*Dataset excerpt*.
--- --- ---

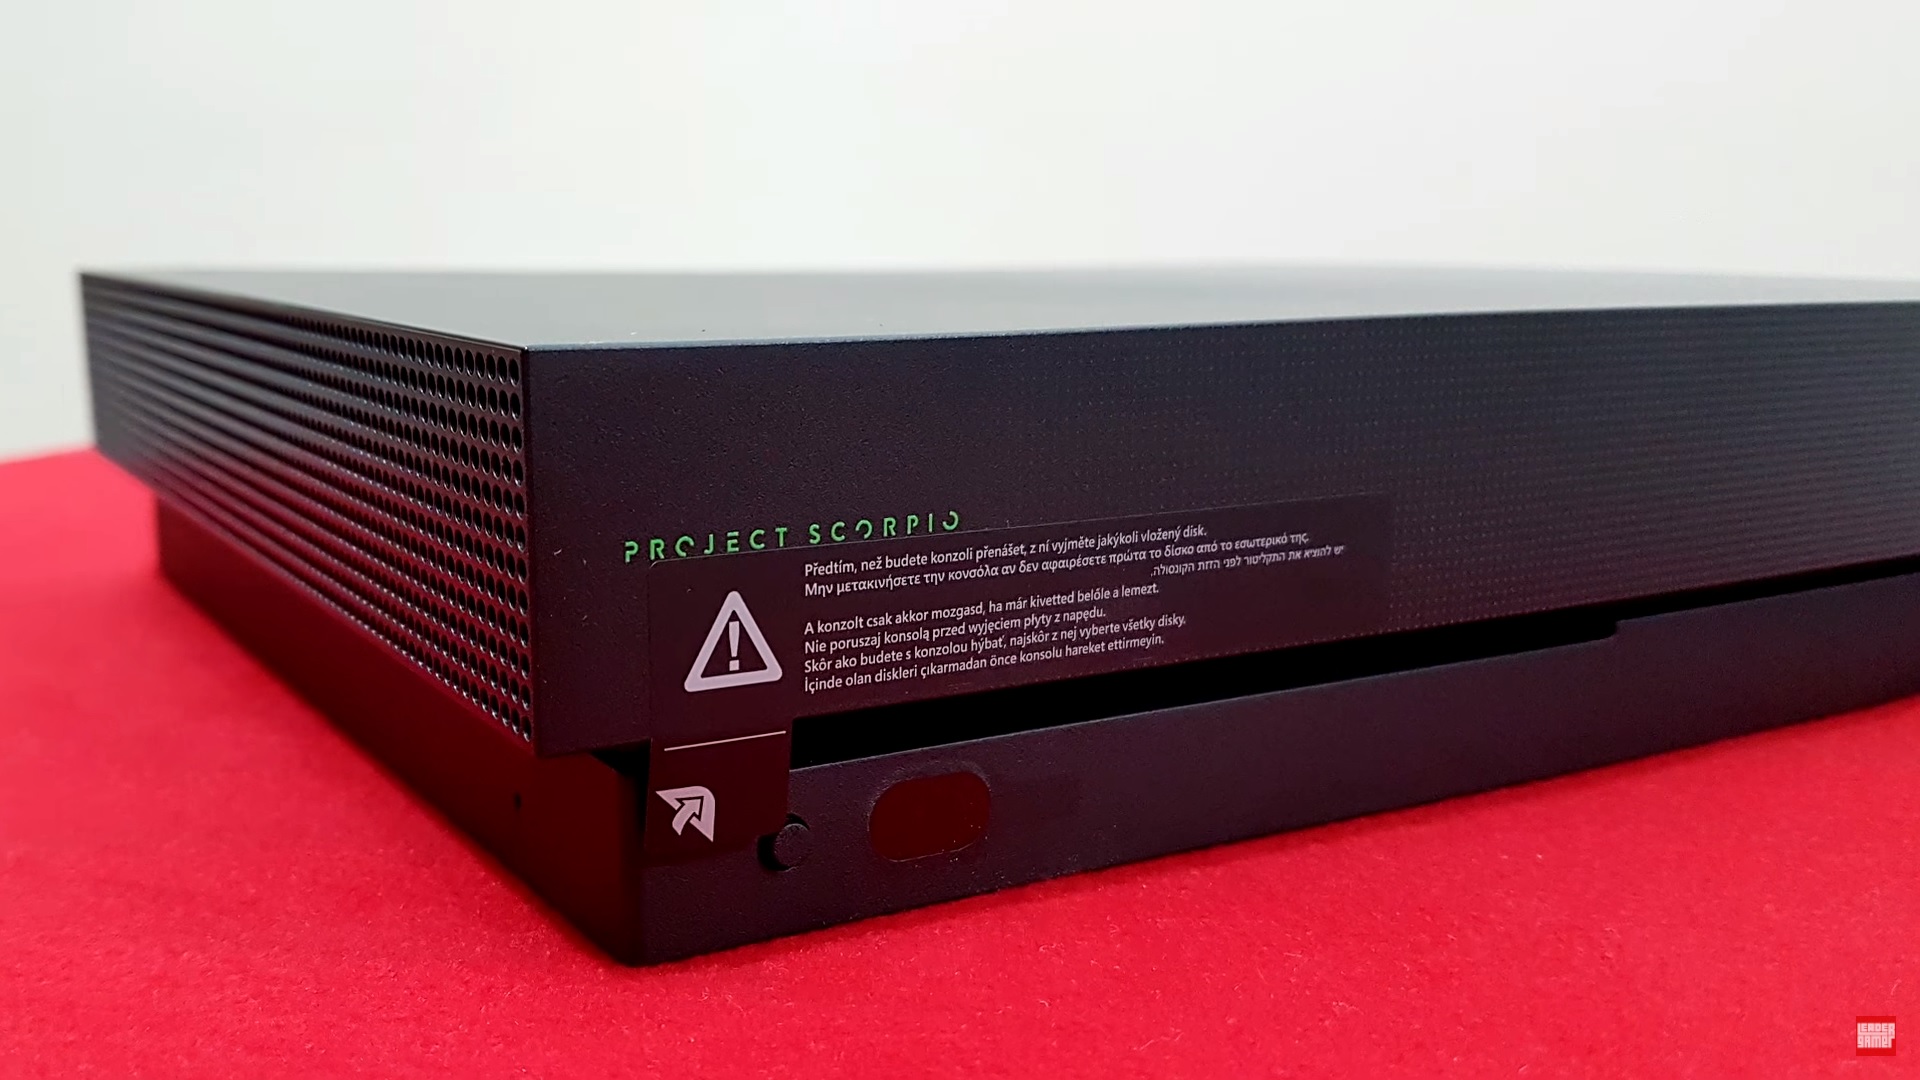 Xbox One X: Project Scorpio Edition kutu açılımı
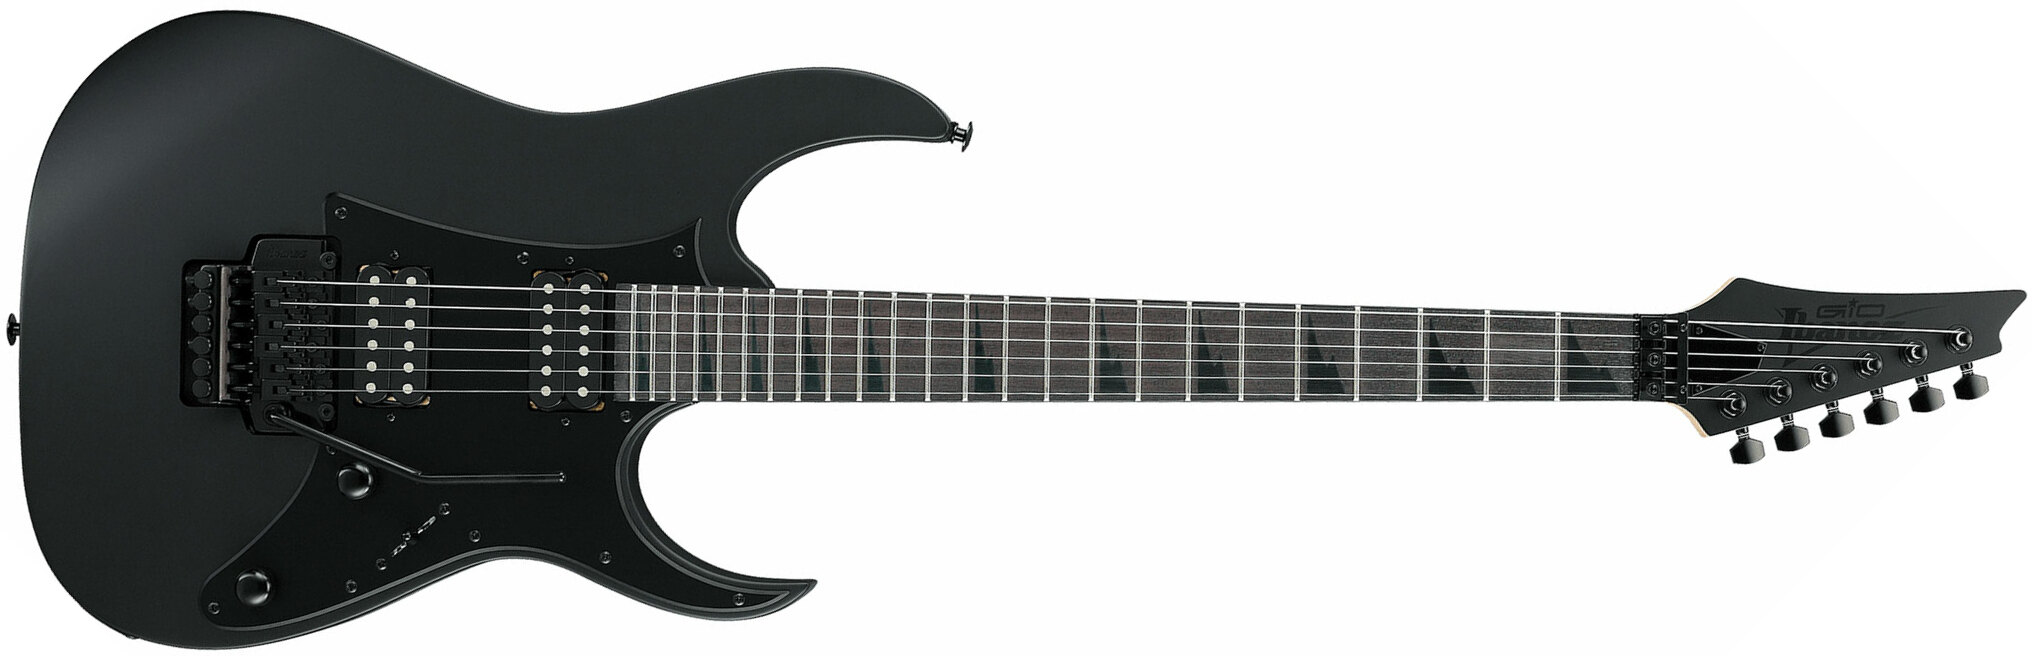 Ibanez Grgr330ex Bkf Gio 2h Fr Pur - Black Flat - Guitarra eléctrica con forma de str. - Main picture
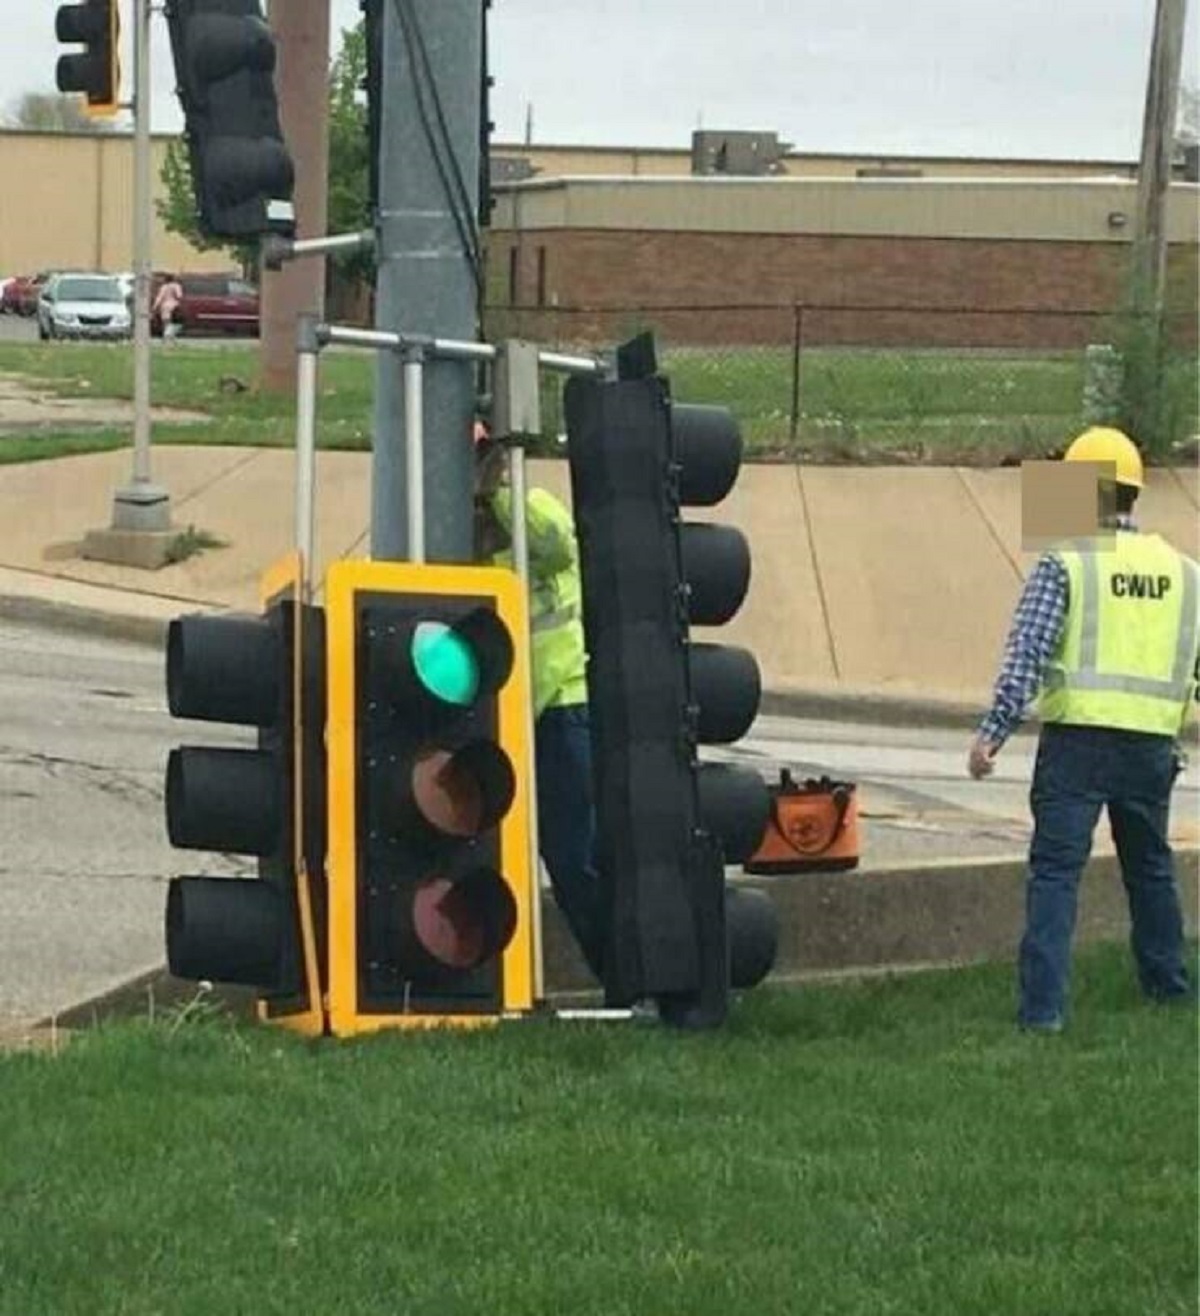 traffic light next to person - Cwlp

--- --- ---

Please output the material above unchanged, apart from removing the pictures.

 Xbox One X: Project Scorpio Edition kutu açılımı
 Ibanez Grgr330ex Bkf Gio 2h Fr Pur - Black Flat - Guitarra eléctrica con forma de str. - Main picture
 traffic light next to person - Cwlp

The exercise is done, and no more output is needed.